# Exploring a two-way interaction in multi-level regression, why do I get significant contrasts when the confidence intervals overlap on the graph?

I'm exploring a significant two-way interaction in a multi-level random-effects regression. The graph (below) appears to show the interaction is driven by differences at low X, and that at high X the moderator (V2) doesn't matter. Is there a reason why I get highly significant contrasts at high X when the confidence intervals appear to overlap?

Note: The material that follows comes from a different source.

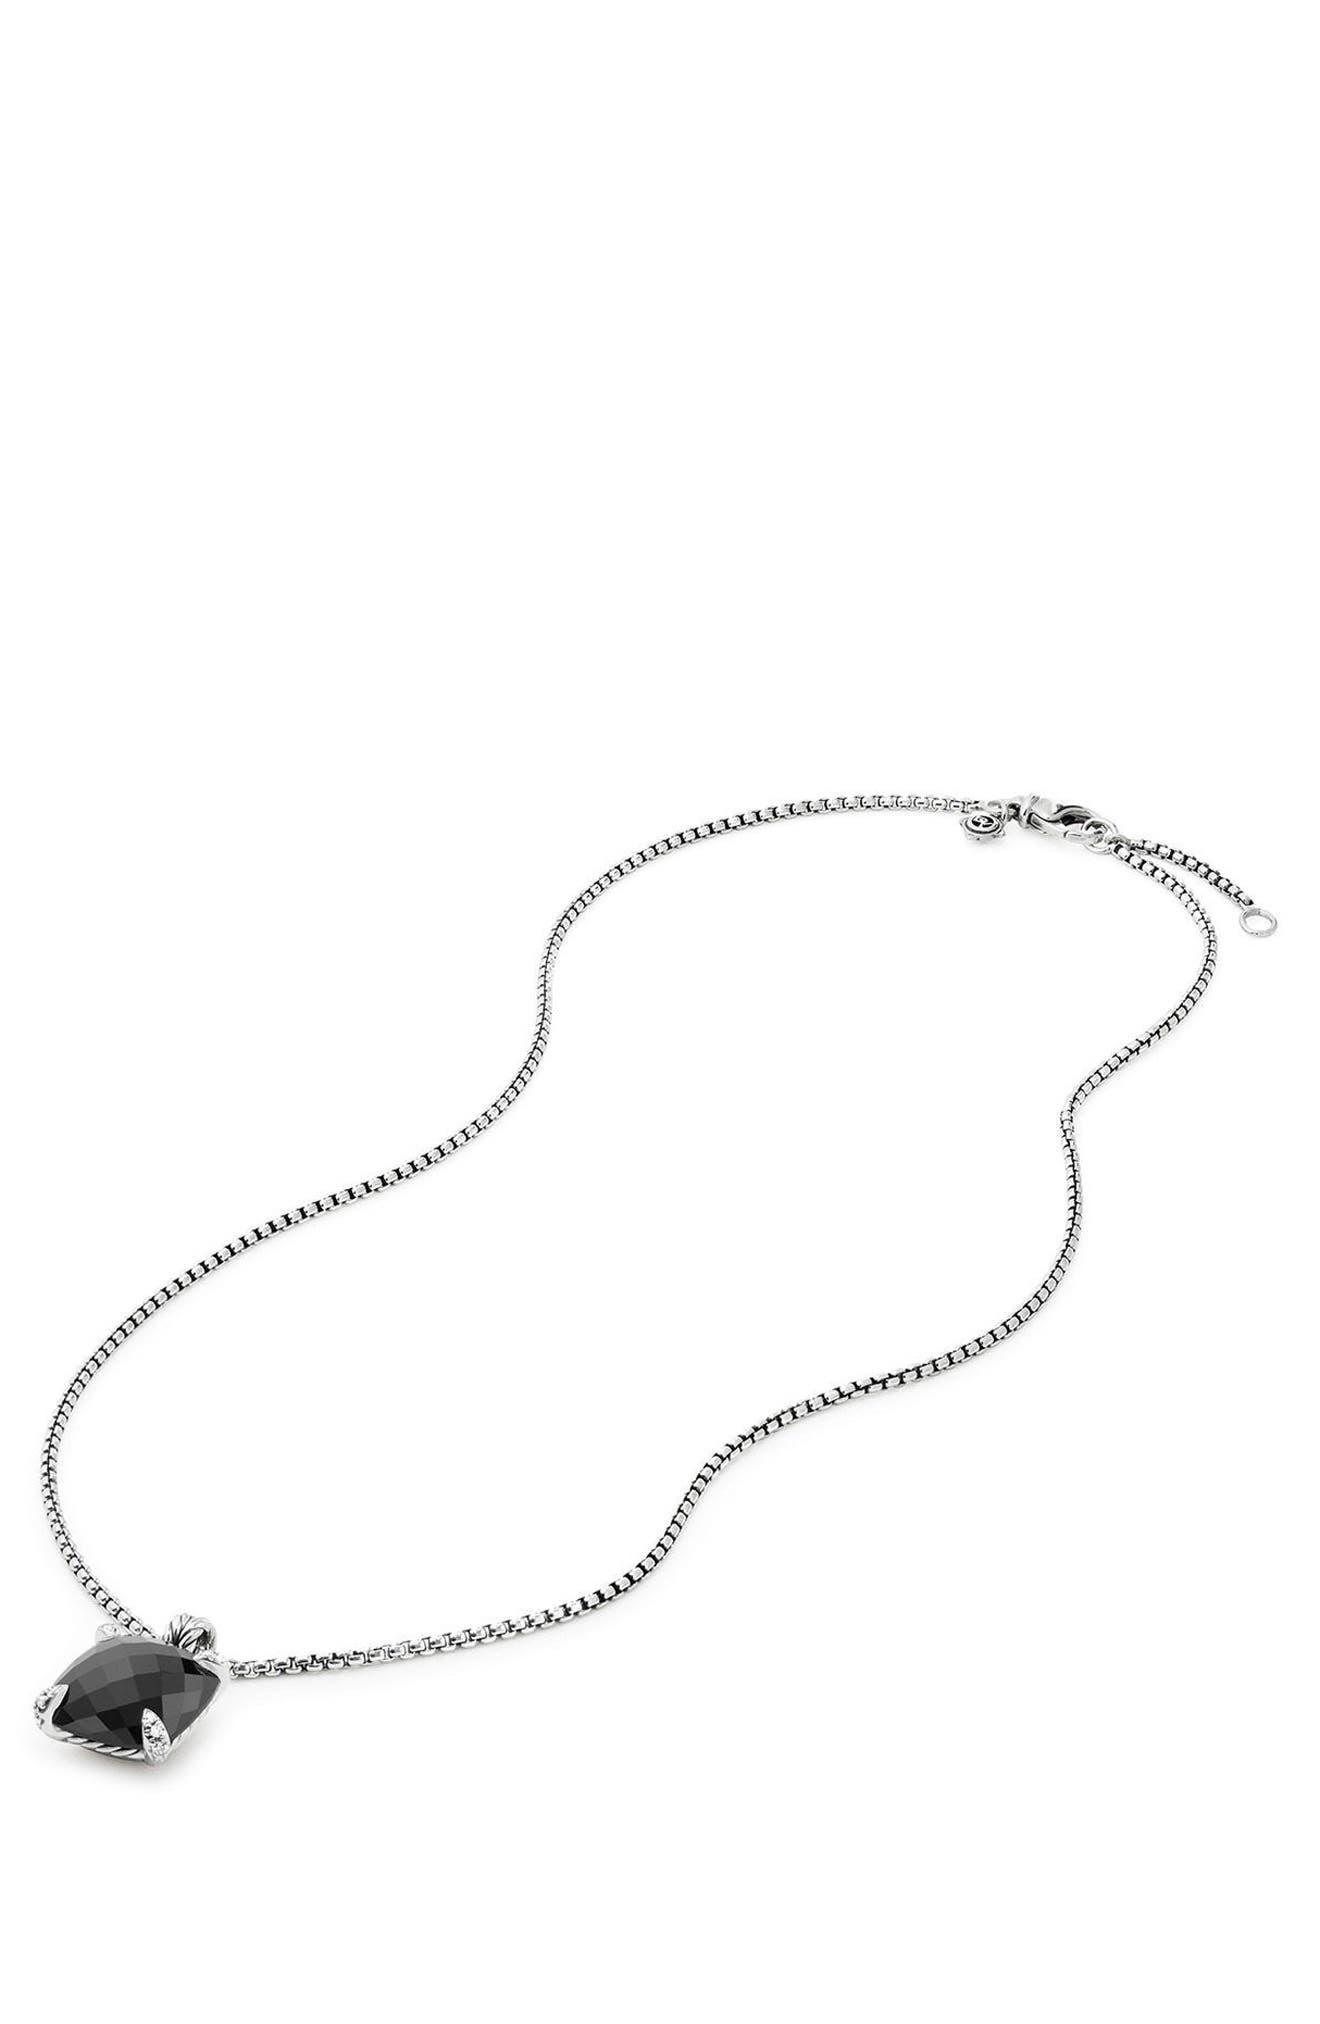 DAVID YURMAN,                             Châtelaine Pendant Necklace with Diamonds,                             Alternate thumbnail 3, color,                             BLACK ONYX?

Interaction graph (circles show where the reported contrast is being conducted): Contrast test at high X (circled on the graph):

      Y   |      Coef.   Std. Err.      z    P>|z|     [95% Conf. Interval]
----------+-------------------------------------------------------------------
z_X = 1.5 |  -.1288761   .0471769    -2.73   0.006    -.2213412   -.0364111
------------------------------------------------------------------------------


That's surprising. Is this something to do with multi-level (nested/panel) data? I'm not very familiar with inferential stats using multiple levels simultaneously. I would have expected that if the 95% confidence intervals overlap, as they clearly do for z_X = 1.5, that the contrast there would be not significant or close to that. Thanks for reading.

The following are relevant posts, but I sadly admit I did not follow the explanations: Relation between confidence interval and testing statistical hypothesis for t-test

Large overlap between confidence intervals, although z test for difference was significant

I'm also new around here, so please let me know if I could improve how I asked this question.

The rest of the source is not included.